Silent and Invisible - Revolution from the Skies
When was the last time you opened a physical city map or a road atlas? I am assuming you opened one, depending on your age. I don’t blame you if you can’t recollect. I have been trying to answer this question: was it in Istanbul in 2007? or Jordan in 2010? But as a ballpark, I have not touched a road atlas in close to fifteen years. Now let me ask another question? What would be the impact on your daily life today if GPS were not available? Well, you will not be the only one to roll your eyes! I use Global Positioning System (GPS) driven Location Based Services (LBS) for driving, my morning runs and fitness apps, Google maps, ordering food, Uber and Ola on a regular basis and few others based on the need. I cannot imagine my life today without those conveniences that I take for granted.

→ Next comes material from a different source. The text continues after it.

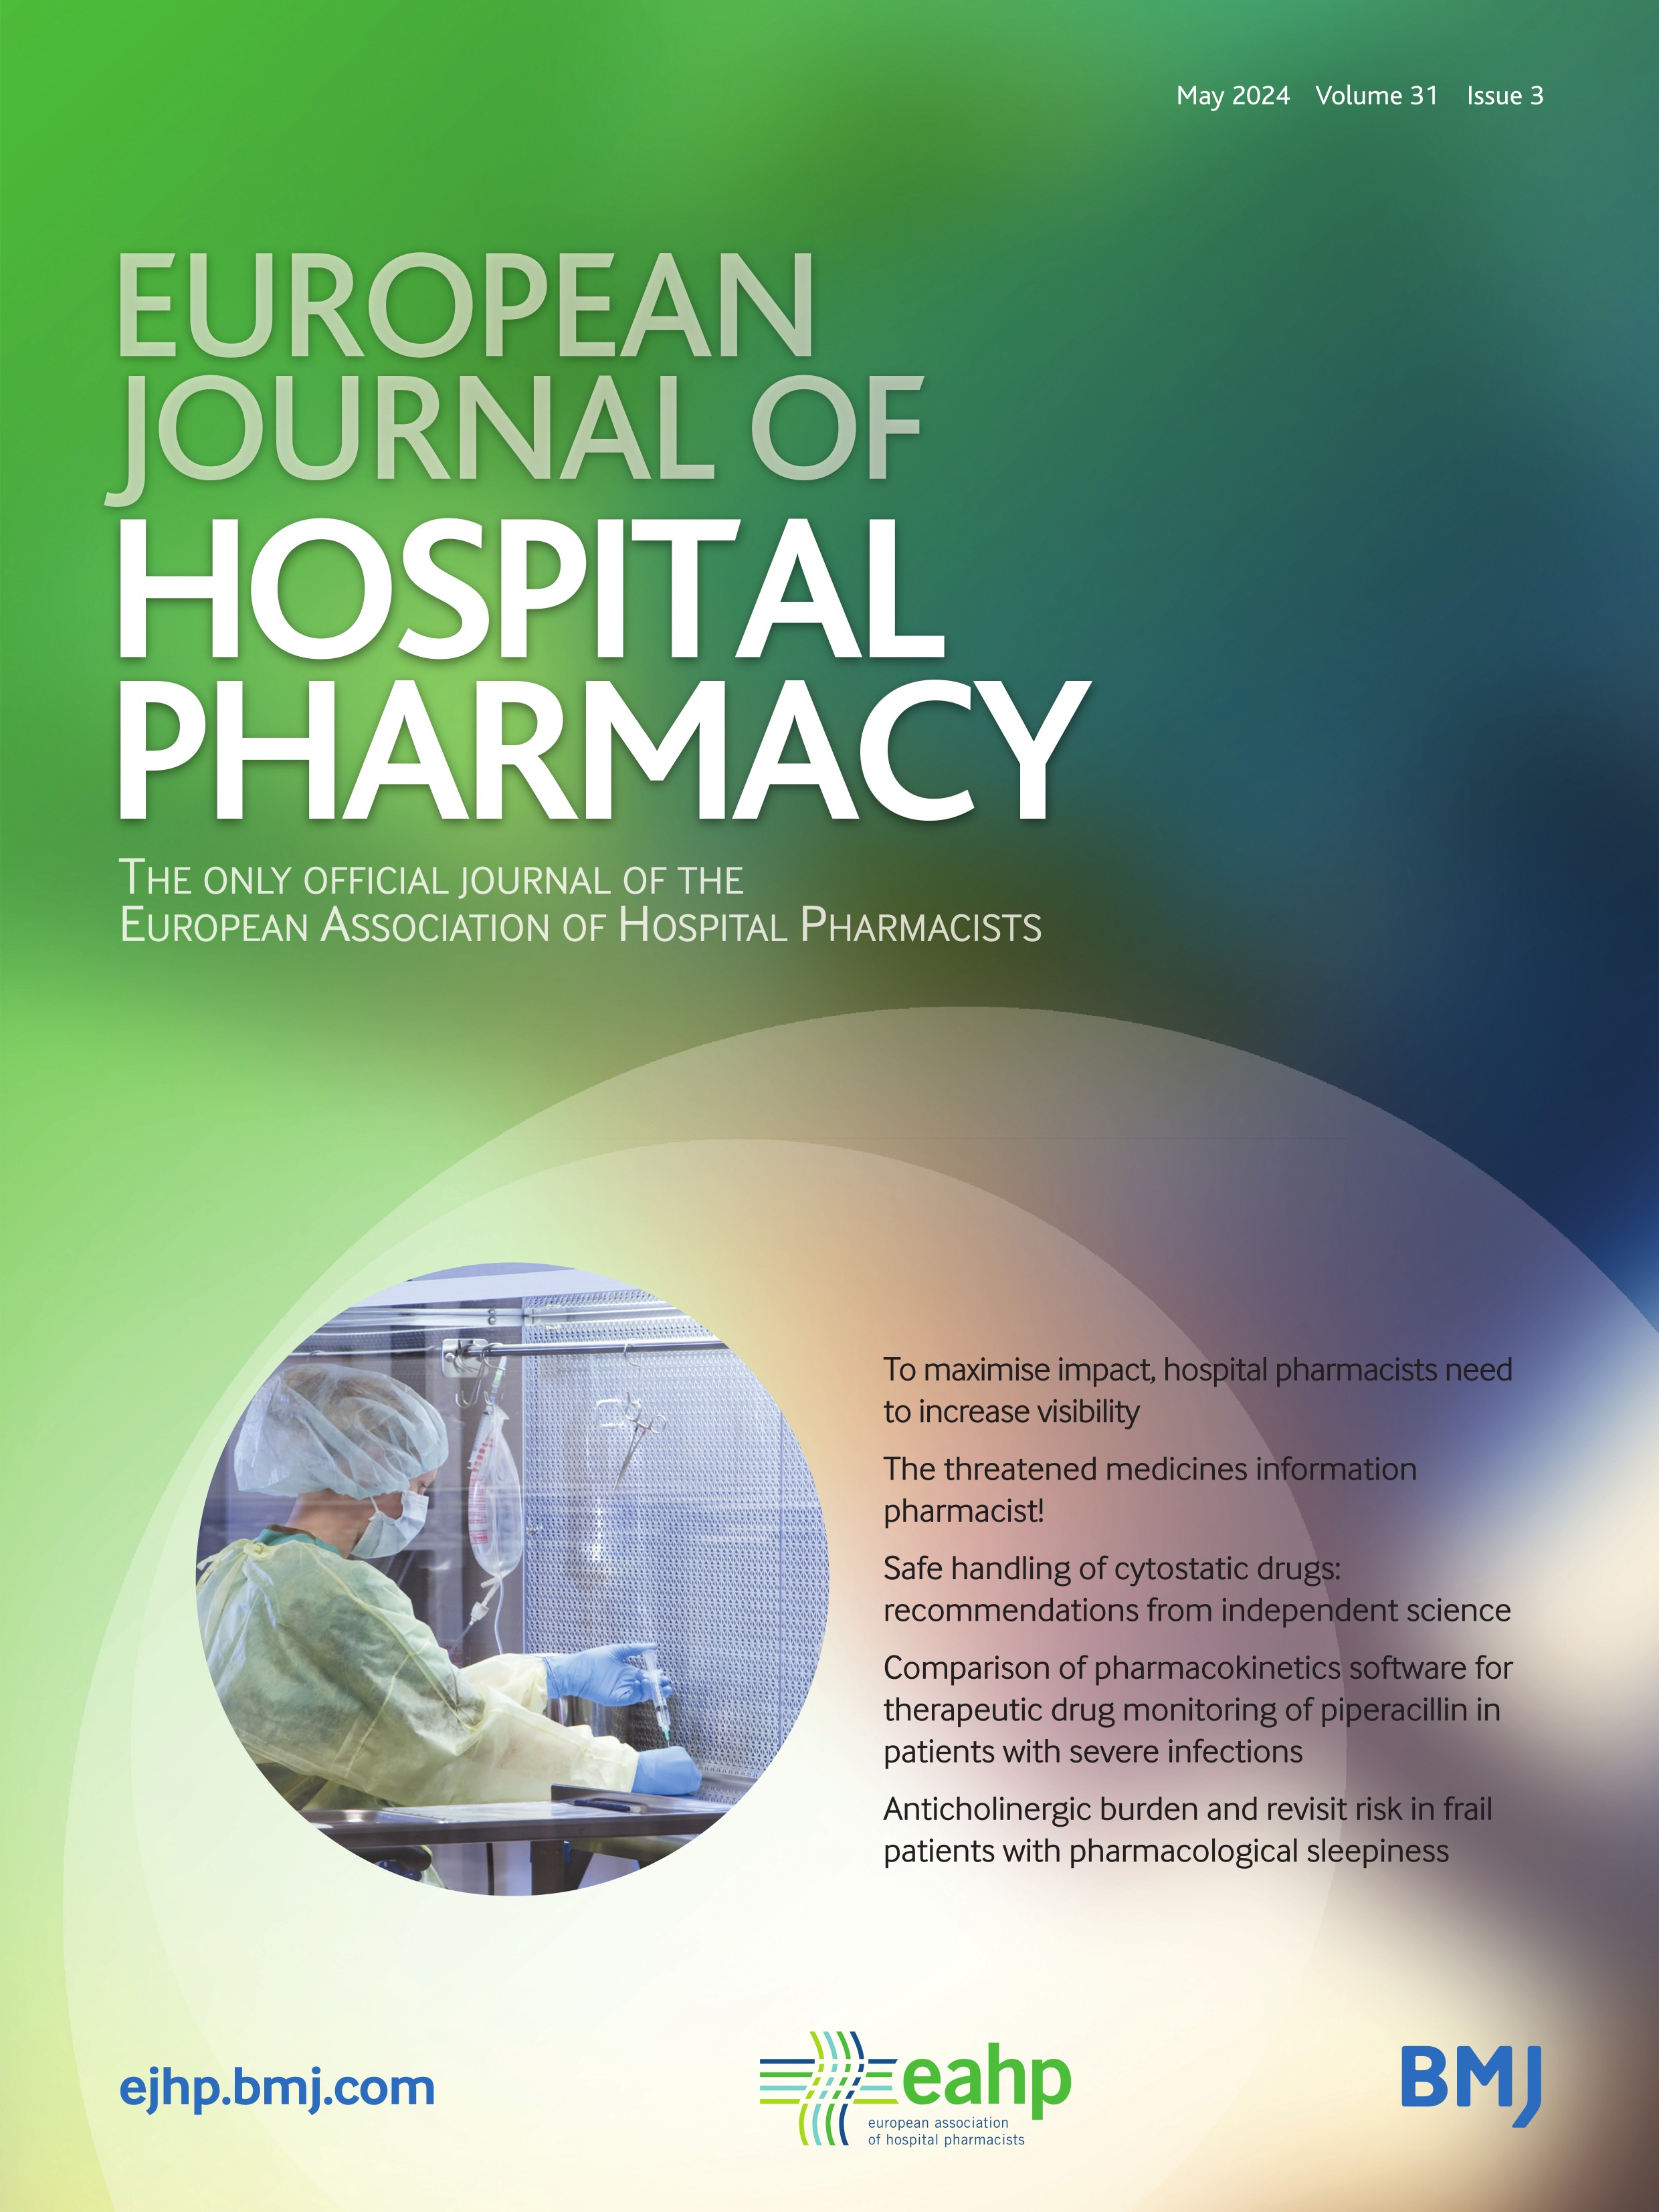 Impact of implementing the aseptic compounding management system, Medcura, on internal error rates within an oncology pharmacy aseptic unit: a mixed methods evaluation

But life was not always like this. I am 53, born in 1970. For the first forty years of my life, none of these services existed and many of us in our imagination would not have anticipated them and we were blissfully ignorant about GPS. During the 1990’s at the peak of my biking experience, when we would take-off to explore various parts of Karnataka from Bangalore, our GPS system looked something like this 😊
It was an indispensable guide and I always had one in my rucksack. While these maps provided broad directions, we had to know our orientation: North, South, East and West and we asked people for directions every now and then. We navigated in cities and between cities and towns based on landmarks: a temple here, restaurant, popular junction, showrooms, govt offices, monuments, museums, you name it, and everything had a useful role in getting us to the destination. We had a gyroscope built into us, which took us to our desired destinations, but also got us home eventually. We knew the terrain and topography well and had developed a well-honed intuition. Yes, we still got lost, my most scary and funny experience being lost in the middle of a jungle in South Karnataka, in middle of the night and low on fuel.

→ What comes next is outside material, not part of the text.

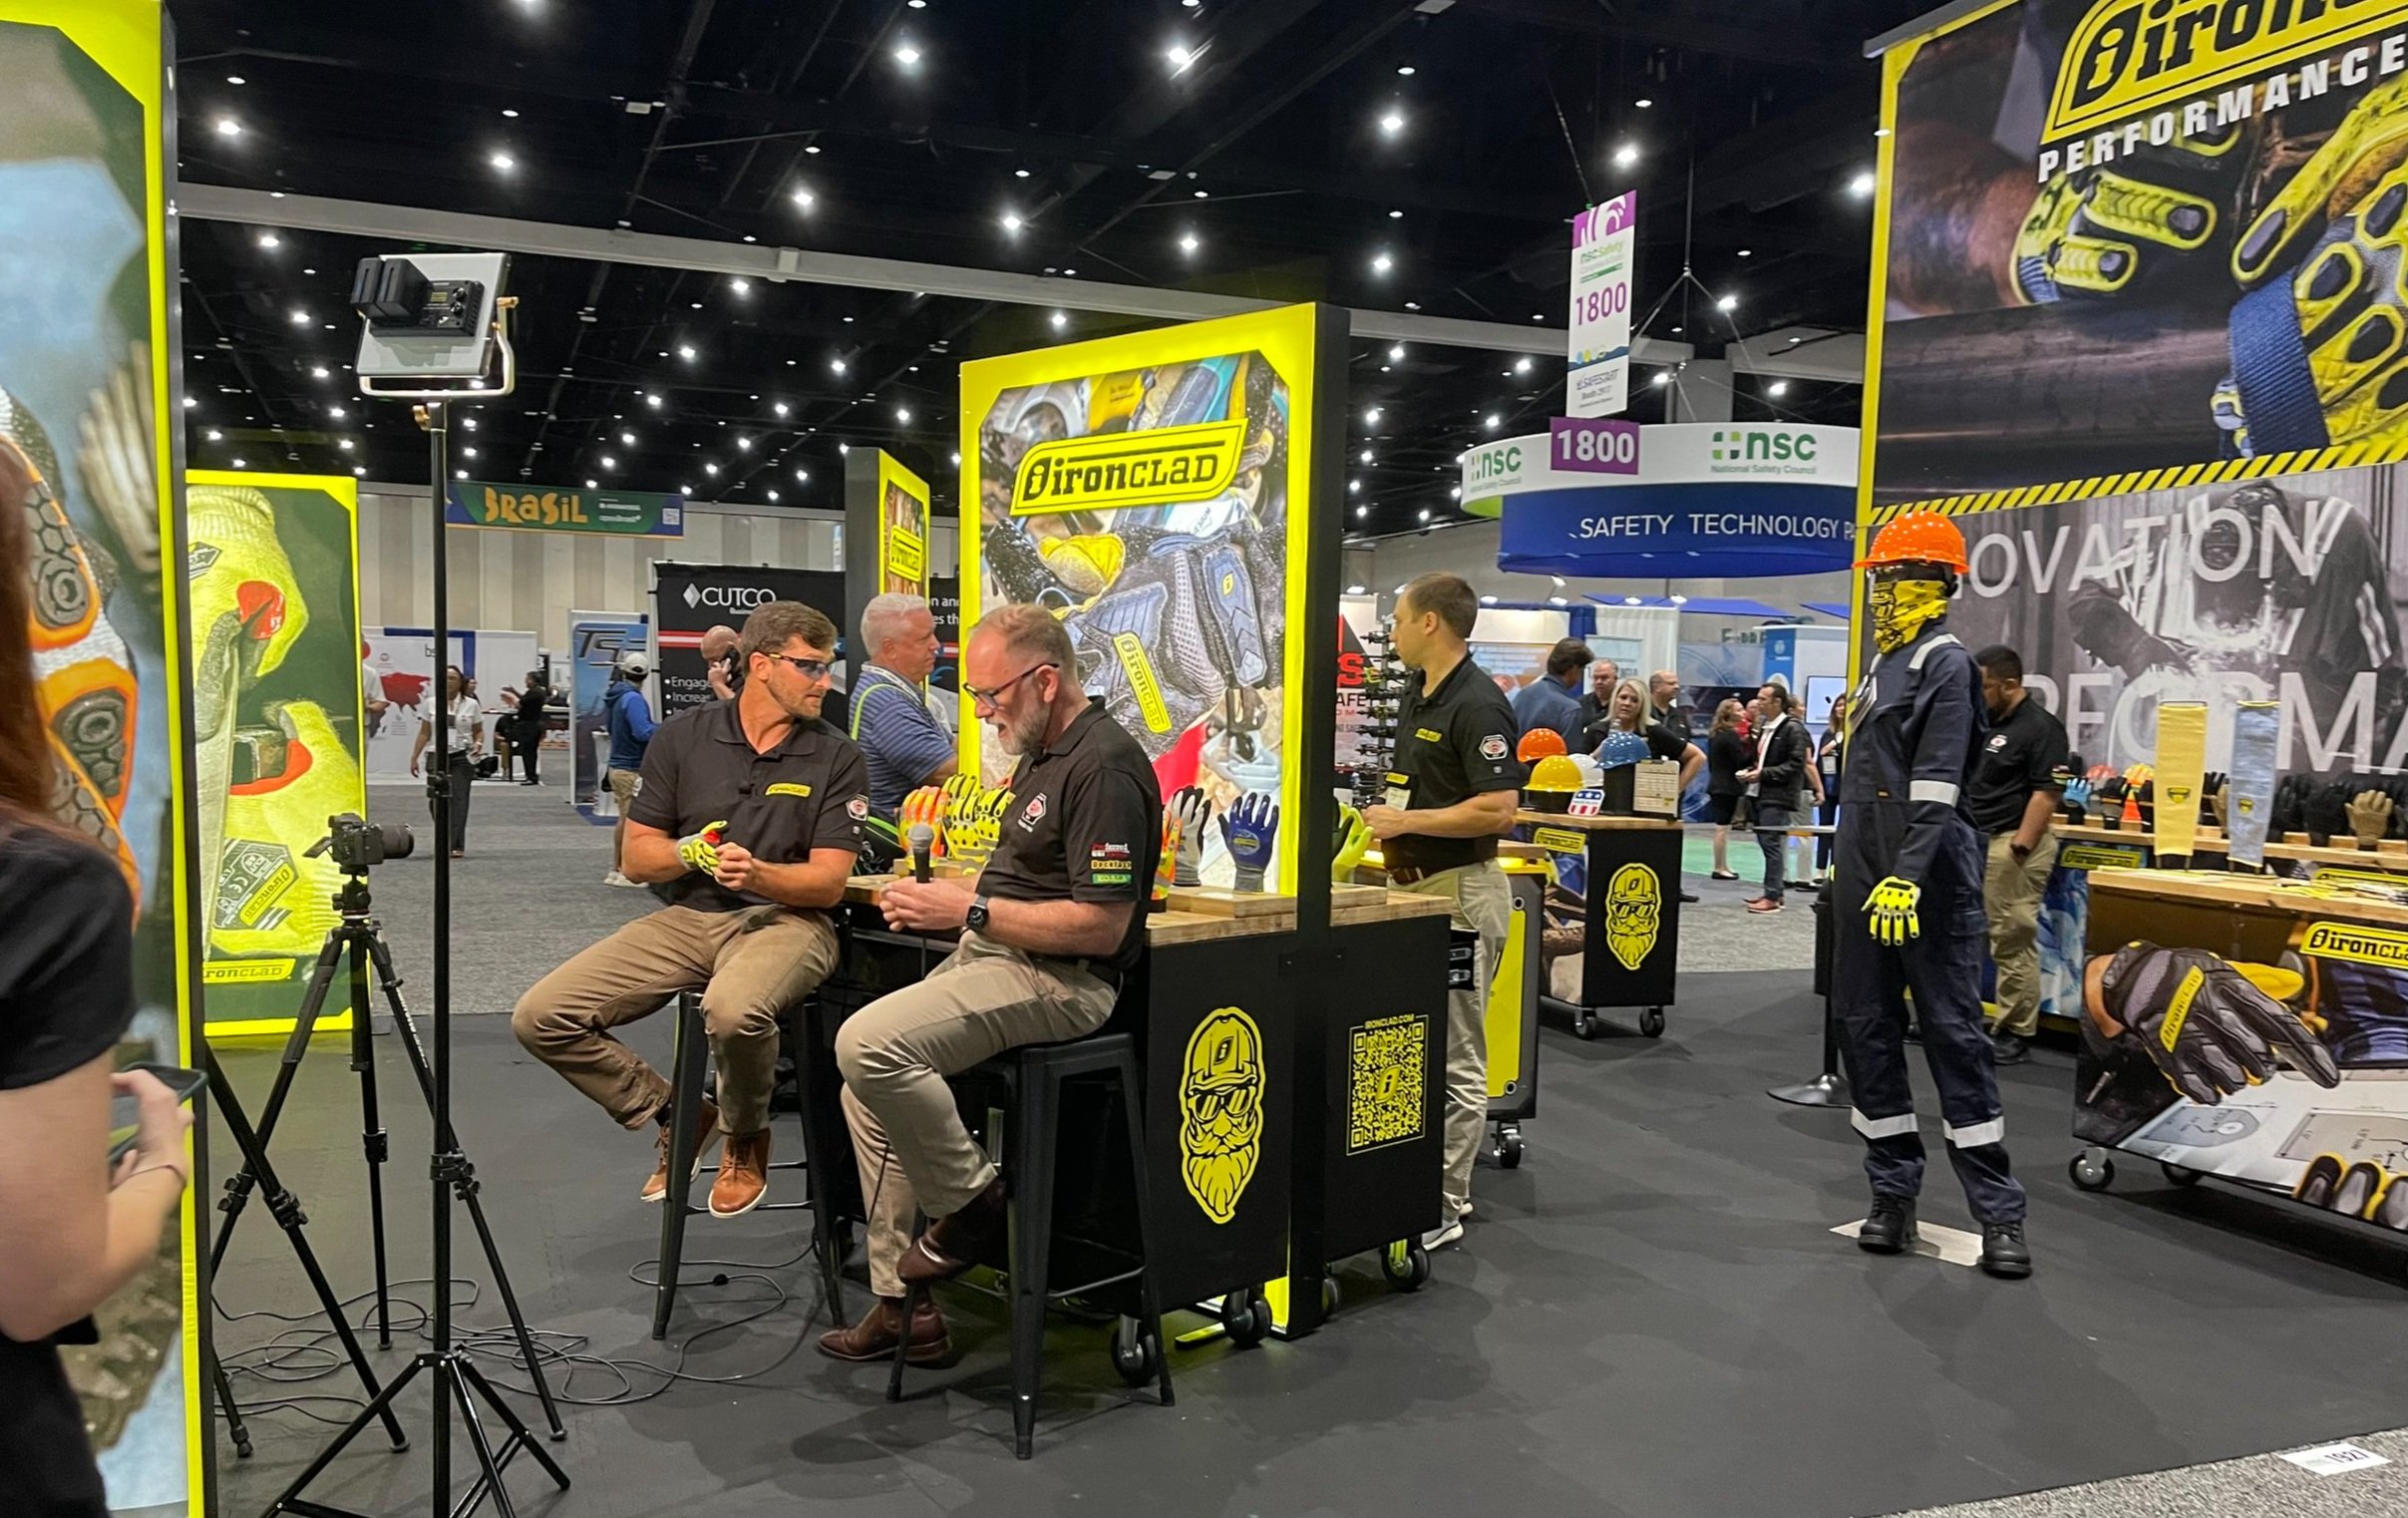 2022 nsc Safety Congress & Expo — OneKey Supply

It is amazing to look back and see how much and how fast things have changed, where life fifteen years ago feels like stone age. I had written about exponential change and how it blindsides us here. Lot of change that we experience is visible and can be felt as it happens, but something like GPS has taken us over in stealth, gradual and invisible.
When did this start?
GPS, like internet originated from the needs of the military and was a child of the 1960’s space race.

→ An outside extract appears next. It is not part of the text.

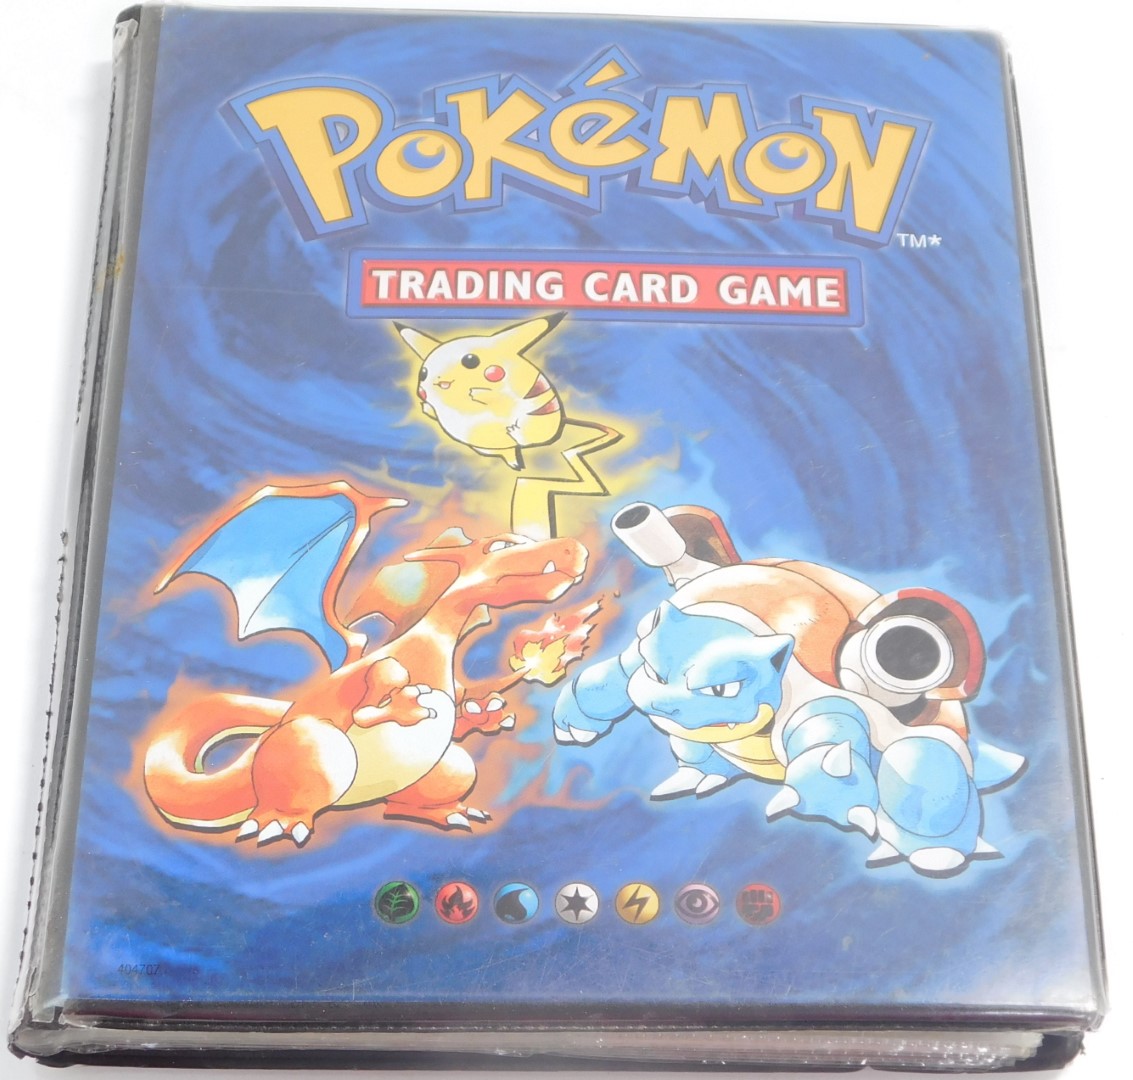 Pokemon Trading Cards, comprising Growlithe (4)., Bellsprout (2)., Tentacruel., Dragonite., Weedle

In 1957, Russia launched Sputnik, the first satellite to successfully orbit the Earth. As Sputnik orbited the planet, the satellite emitted a radio signal. A group of scientists in the Applied Physics Laboratory at Johns Hopkins University observed a strange phenomenon: The frequency of radio signals transmitted by Sputnik increased as the satellite approached, and the signal frequency decreased as it moved away. This shift is known in physics as the Doppler Effect. Utilizing the Sputnik’s Doppler Effect allowed the scientists to use radio signals to track the movement of the satellite from the ground. They later expanded the idea: If a satellite location could be determined from the ground via the frequency shift of its radio signal, then the location of a receiver on the ground could be determined by its distance from a satellite.
In 1958, the Advanced Research Projects Agency (ARPA) used this principle to develop Transit, the world's first global satellite navigation system. The first satellite for Transit was launched in 1960 and was capable of providing navigation to military and commercial users, including the Navy’s missile submarines. The program was transitioned to the Navy in the mid-1960s and by 1968 a constellation of 36 satellites were fully operational. Transit’s technology delivered accuracy to tens of meters, but in 1967, the Americans conducted an important experiment to test the reliability of atomic clocks in space. Its success paved the way for the creation of next-generation navigation devices capable of providing much greater positioning accuracy. The project under the aegis of DARPA was named Navstar, which later came to be known as GPS. The first satellite of the system was launched in 1978, with three more satellites launched by the end of 1978. More than 700 tests were conducted between 1977 and 1979 by the engineers in perfecting and confirming the accuracy of the integrated space/control/user system. The eventual GPS constellation had 24 satellites, which used atomic clocks at medium Earth orbits to provide a 12-hour period tracking.
But it took a terrible tragedy before this technology was opened up for commercial use.
In September 1983, Korean Air Lines Flight 007 was on its way to Seoul from New York City via Anchorage. Owing to a navigational mistake by the pilots, the airliner drifted from its original planned route and flew through Soviet prohibited airspace. It was shot down by a Soviet Sukhoi Su-15 interceptor. The Soviets treated the unidentified aircraft as an intruding US spy plane and destroyed it with air-to-air missiles. The plane crashed into the Sea of Japan, near Sakhalin island killing all 269 onboard.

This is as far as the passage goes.